Drowning in Data: Early Responses of Renal Cortical Collecting Duct Cells to Lithium
It is now more than fifty years since Burg made a signal advance in the study of renal physiology by reporting a method of isolating and perfusing tubules from selected regions of the kidney . Prior to this, knowledge of renal tubular function had been derived either from micropuncture experiments, limited to the superficial regions of the kidney , from kidney slices [3-6], which were subject to injury and represented an aggregate of tubular function, or from renal cells in tissue culture [7-9].

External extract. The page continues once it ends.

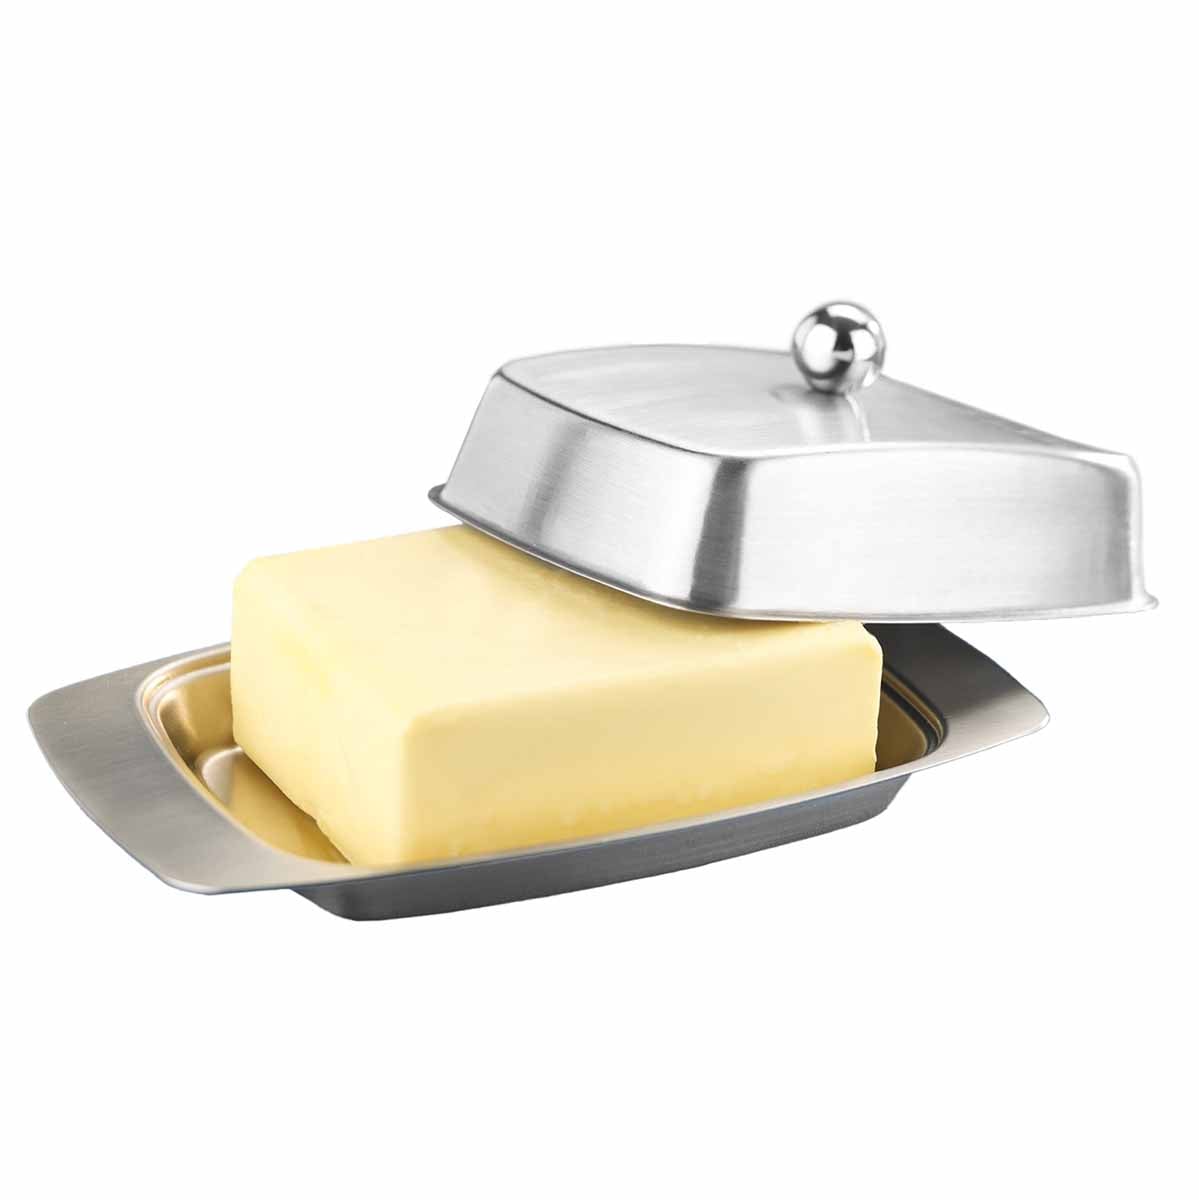 Butterdose aus Edelstahl - Hält Ihre Butter temperiert und frisch | Maximex

Since the early 1980’s the rapid growth of methods for the analysis of the composition of individual tubular cells has seen a rapid increase in genomic information. This has been confused in the past by inconsistent terminology. Critical to the proper assignment of genomic data is to ensure that such data is correctly mapped to a particular cell type. In an important paper dealing with this , Knepper and co-workers proposed a nomenclature for tubular cell types, based upon the occurrence of cell type selective markers, characterized by high concentration of a specific protein, and consistent with assignations from the pregenomic era. However, until recently progress in studying the genome of a particular cell type has been limited by the small size of particular segments, typically only a few millimetre in length and containing only a few cells. It is only recently that new analytical methods, single cell RNA-Seq based transcriptomics, and LC MS/MS have allowed the determination of processes in individual cell types.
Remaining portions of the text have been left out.